[英]How to normalize stock price data
Note: Dates are formatted as DD.MM.注意:日期格式为 DD.MM。
I have the closing prices for a number of companies (here: A, B, C) for a time frame (here: Jan 1st to Jan 5th).我有一些公司(此处:A、B、C)在一段时间内(此处:1 月 1 日至 1 月 5 日)的收盘价。 The df looks like this:
df 看起来像这样:
df1 <- data.frame(date = c("01.01.", "02.01.", "03.01.", "04.01.", "05.01."),
A = c(102, 103, 107, 120, 134),
B = c(94, 95, 100, 93, 90),
C = c(55, 53, 50, 51, 48))
The way I want to normalize the data is by using the z-score, so "z = (x – μ) / σ", meaning that for A on 01.01., this would be (102 - 113) / 13.85641 = -0.7938...我想规范化数据的方法是使用 z 分数,因此“z = (x – μ) / σ”,这意味着对于 01.01 上的 A,这将是 (102 - 113) / 13.85641 = -0.7938 ...

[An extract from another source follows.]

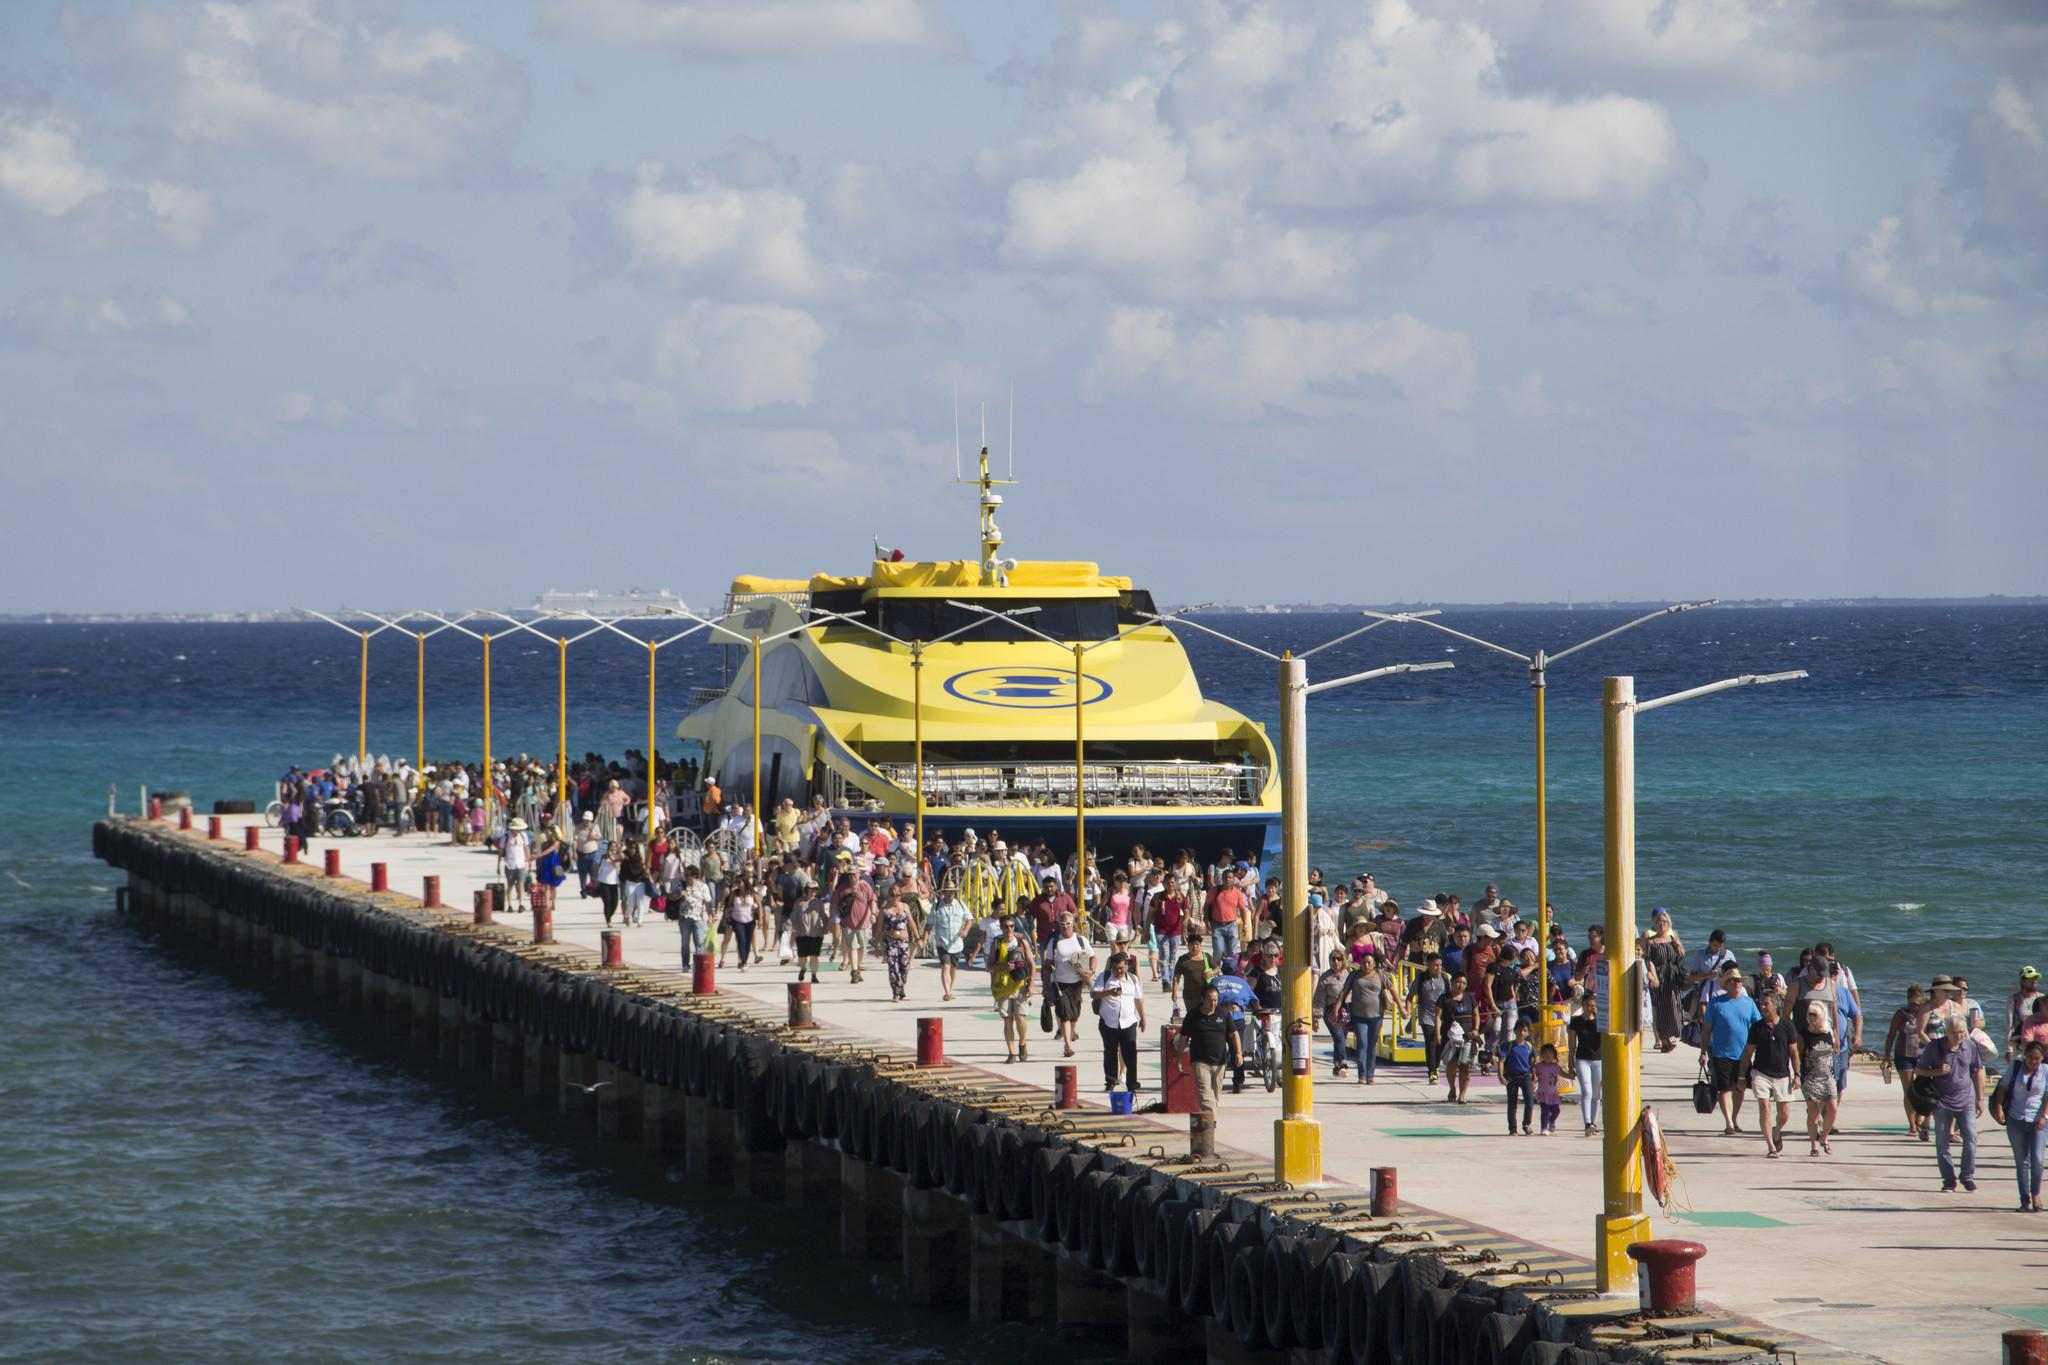 Mexico says Playa del Carmen safe despite U.S. travel alert

How do I apply this to all my observations?我如何将其应用于我的所有观察? I'm guessing with the
mutate
funcation in dplyr
but I can't seem to figure out how to actually do it.我猜测
dplyr
中的mutate
函数,但我似乎无法弄清楚如何实际做到这一点。
In dplyr
, I think you'll need to use something like across(c(A,B,C), ...)
.在
dplyr
中,我认为您需要使用 cross across(c(A,B,C), ...)
类的东西。
Just to offer an alternative method using data.table
, which will update the table by reference ie.只是为了提供一种使用
data.table
的替代方法,它将通过引用更新表格,即。 there is no need to write something like df1 <- df1 %>%...
in this situation.在这种情况下,没有必要写
df1 <- df1 %>%...
之类的东西。
library(data.table)
setDT(df1)
cols <- c("A","B","C")
df1[, (cols) := lapply(.SD, function(x) (x - mean(x))/sd(x)), .SDcols = cols]
df1
date A B C
1: 01.01. -0.8196829 -0.1096817 1.3324198
2: 02.01. -0.7464969 0.1645225 0.5921866
3: 03.01. -0.4537530 1.5355438 -0.5181632
4: 04.01. 0.4976646 -0.3838859 -0.1480466
5: 05.01. 1.5222682 -1.2064987 -1.2583965
For more information, see Introduction to data.table
.有关详细信息,请参阅
data.table
简介。
In addition to the @diomedesdata solution, your question asked for the dplyr
solution.除了@diomedesdata 解决方案之外,您还询问了
dplyr
解决方案。 I believe here is an approach that would work for your data:我相信这是一种适用于您的数据的方法:
if(require(dplyr)==F) install.packages('dplyr'); library(dplyr)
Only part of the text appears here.